Normalized Feature Vectors: A Novel Alignment-Free Sequence Comparison Method Based on the Numbers of Adjacent Amino Acids
Issue No. 02 - March-April (2013 vol. 10)
DOI Bookmark: http://doi.ieeecomputersociety.org/10.1109/TCBB.2013.10
De-Shuang Huang , Sch. of Electron. & Inf. Eng., Tongji Univ., Shanghai, China
Hong-Jie Yu , Dept. of Math., Anhui Sci. & Technol. Univ., Fengyang, China
Based on all kinds of adjacent amino acids (AAA), we map each protein primary sequence into a 400 by (L-1) matrix M. In addition, we further derive a normalized 400-tuple mathematical descriptors D, which is extracted from the primary protein sequences via singular values decomposition (SVD) of the matrix.
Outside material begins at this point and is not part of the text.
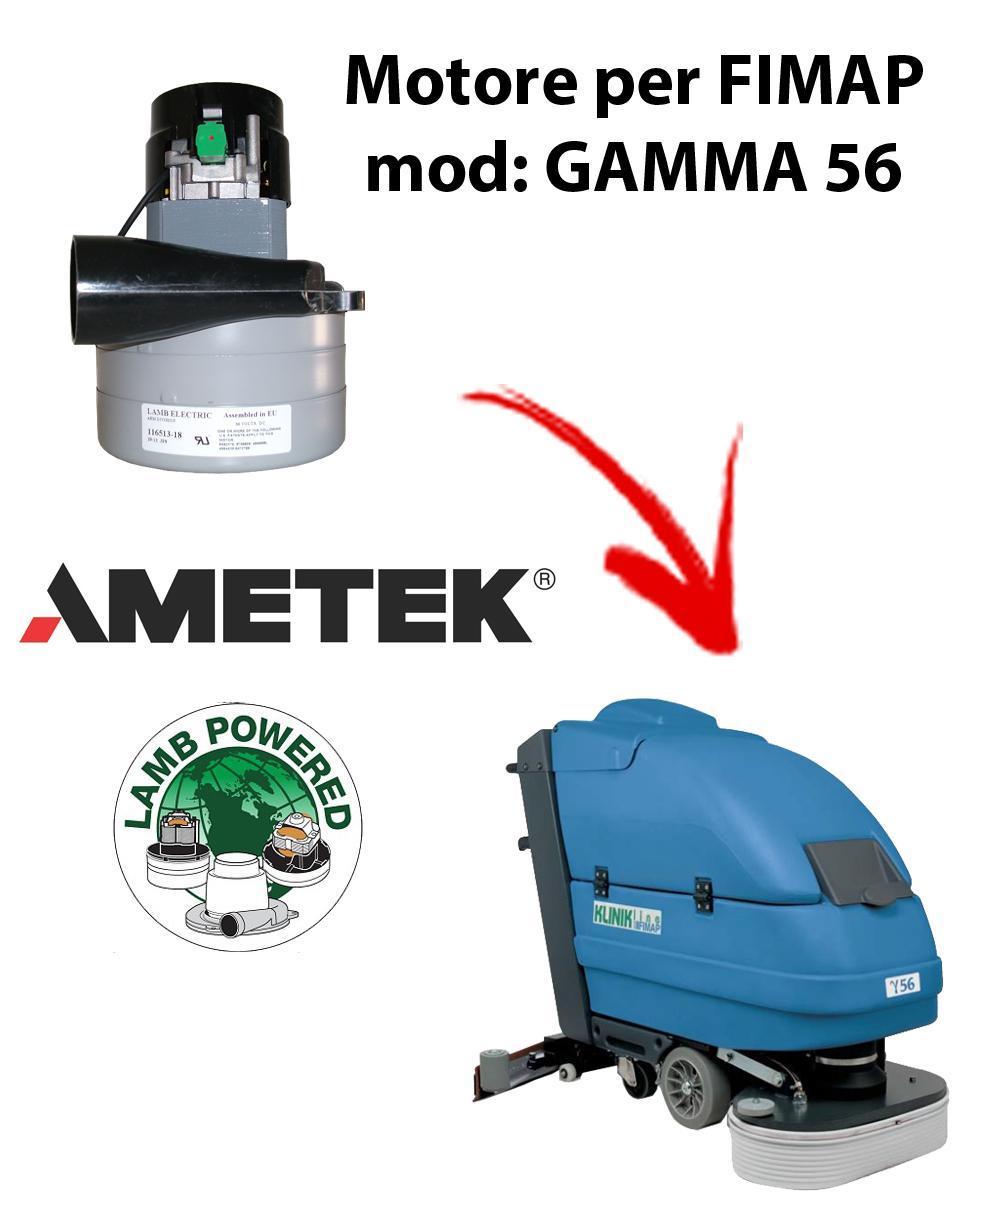 GAMMA 56 MOTEUR ASPIRATION AMETEK pour autolaveuses FIMAP

The obtained 400-D normalized feature vectors (NFVs) further facilitate our quantitative analysis of protein sequences. Using the normalized representation of the primary protein sequences, we analyze the similarity for different sequences upon two data sets: 1) ND5 sequences from nine species and 2) transferrin sequences of 24 vertebrates. We also compared the results in this study with those from other related works. These two experiments illustrate that our proposed NFV-AAA approach does perform well in the field of similarity analysis of sequence.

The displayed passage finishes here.